[pgpool-general: 6062] Re: "health check timer expired" on local machine

Bud Curly psyckow.prod at gmail.com
Fri Apr 27 23:48:04 JST 2018


So I have reduce timeout to 2 seconds each like this :
*health_check_timeout* = 2
*connect_timeout* = 2000

The problem seems to appears more frequently (two times since I made the
update, 4 hours ago).

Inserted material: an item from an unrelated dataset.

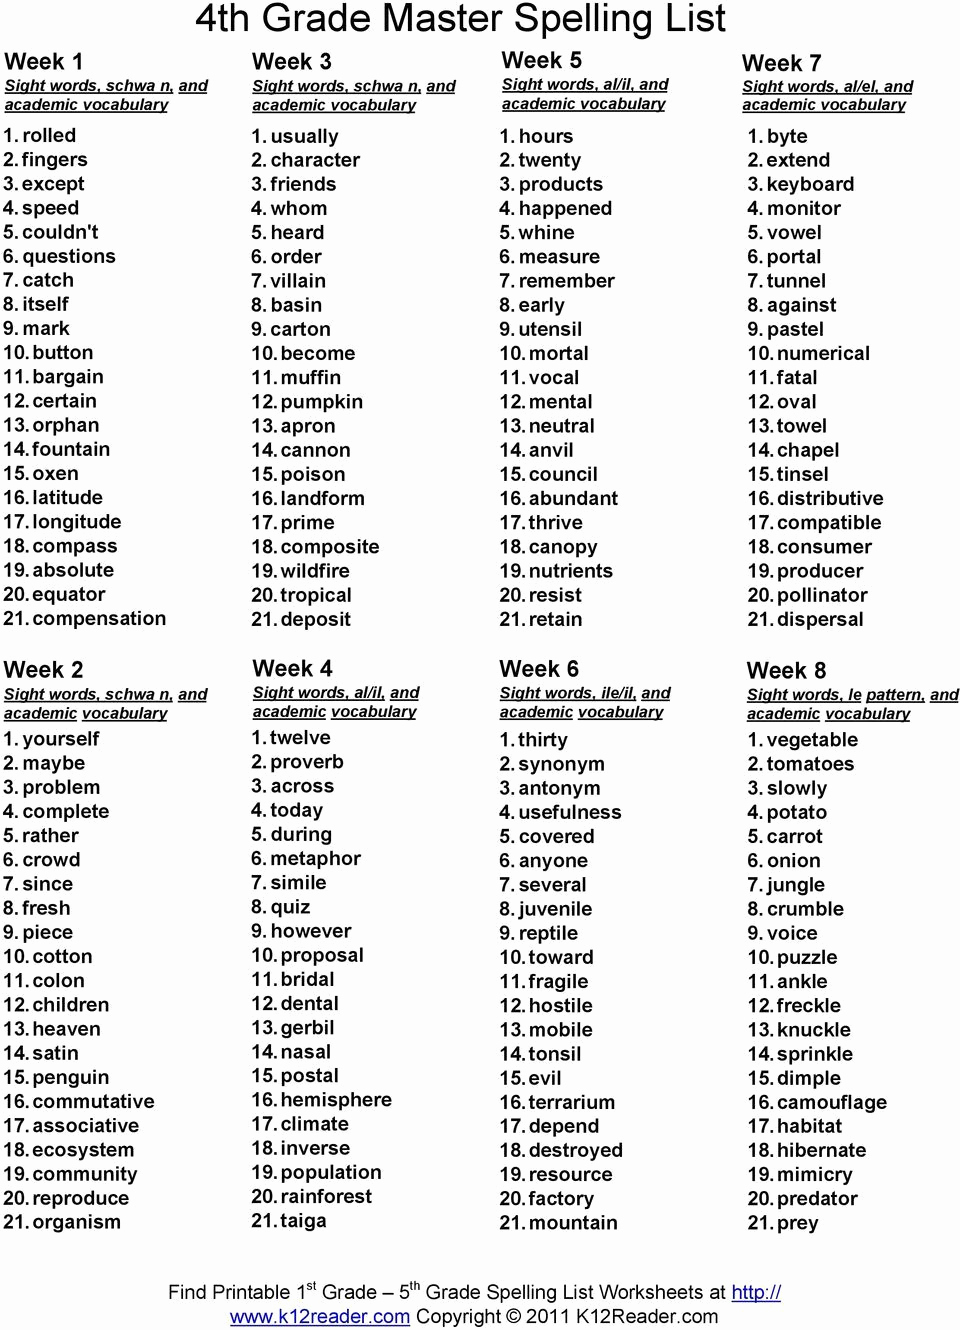 4th Grade Vocabulary Worksheets Pdf Luxury 13 Worksheets 3rd Grade Spelling Words List 11 36

Same logs on pgpool and postgresql and same condition
(~5 insert / seconds) during the problem.

On pgpool :

2018-04-27 16:26:27: pid 5983:LOG:  failed to connect to PostgreSQL server
on "x.x.x.x:xxxx" using INET socket
2018-04-27 16:26:27: pid 5983:DETAIL:  health check timer expired
2018-04-27 16:26:27: pid 5983:ERROR:  failed to make persistent db
connection
2018-04-27 16:26:27: pid 5983:DETAIL:  connection to host:" x.x.x.x:xxxx"
failed
2018-04-27 16:26:27: pid 5983:LOG:  health check failed on node 0
(timeout:1)
2018-04-27 16:26:27: pid 5983:LOG:  received degenerate backend request for
node_id: 0 from pid [5983]
2018-04-27 16:26:27: pid 5949:LOG:  Pgpool-II parent process has received
failover request
2018-04-27 16:26:27: pid 5949:LOG:  starting degeneration. shutdown host
x.x.x.x (xxxx)
2018-04-27 16:26:27: pid 5949:LOG:  Restart all children

On PostgreSQL :

2018-04-27 16:26:32.079 CEST [30525] LOG:  trigger file found:
/var/lib/postgresql/9.6/main/trigger
2018-04-27 16:26:32.079 CEST [30527] FATAL:  terminating walreceiver
process due to administrator command
2018-04-27 16:26:32.080 CEST [30525] LOG:  invalid record length at
3/32229D10: wanted 24, got 0
2018-04-27 16:26:32.080 CEST [30525] LOG:  redo done at 3/32229CE8
2018-04-27 16:26:32.080 CEST [30525] LOG:  last completed transaction was
at log time 2018-04-27 16:26:27.093816+02
2018-04-27 16:26:32.090 CEST [30525] LOG:  selected new timeline ID: 98
2018-04-27 16:26:32.215 CEST [30525] LOG:  archive recovery complete
2018-04-27 16:26:32.230 CEST [30525] LOG:  MultiXact member wraparound
protections are now enabled
2018-04-27 16:26:32.237 CEST [30524] LOG:  database system is ready to
accept connections
2018-04-27 16:26:32.238 CEST [31170] LOG:  autovacuum launcher started

On the master PostgreSQL, I set "*log_min_error_statement* = debug5" so if
there were a problem with PostgreSQL, I should have been noticed.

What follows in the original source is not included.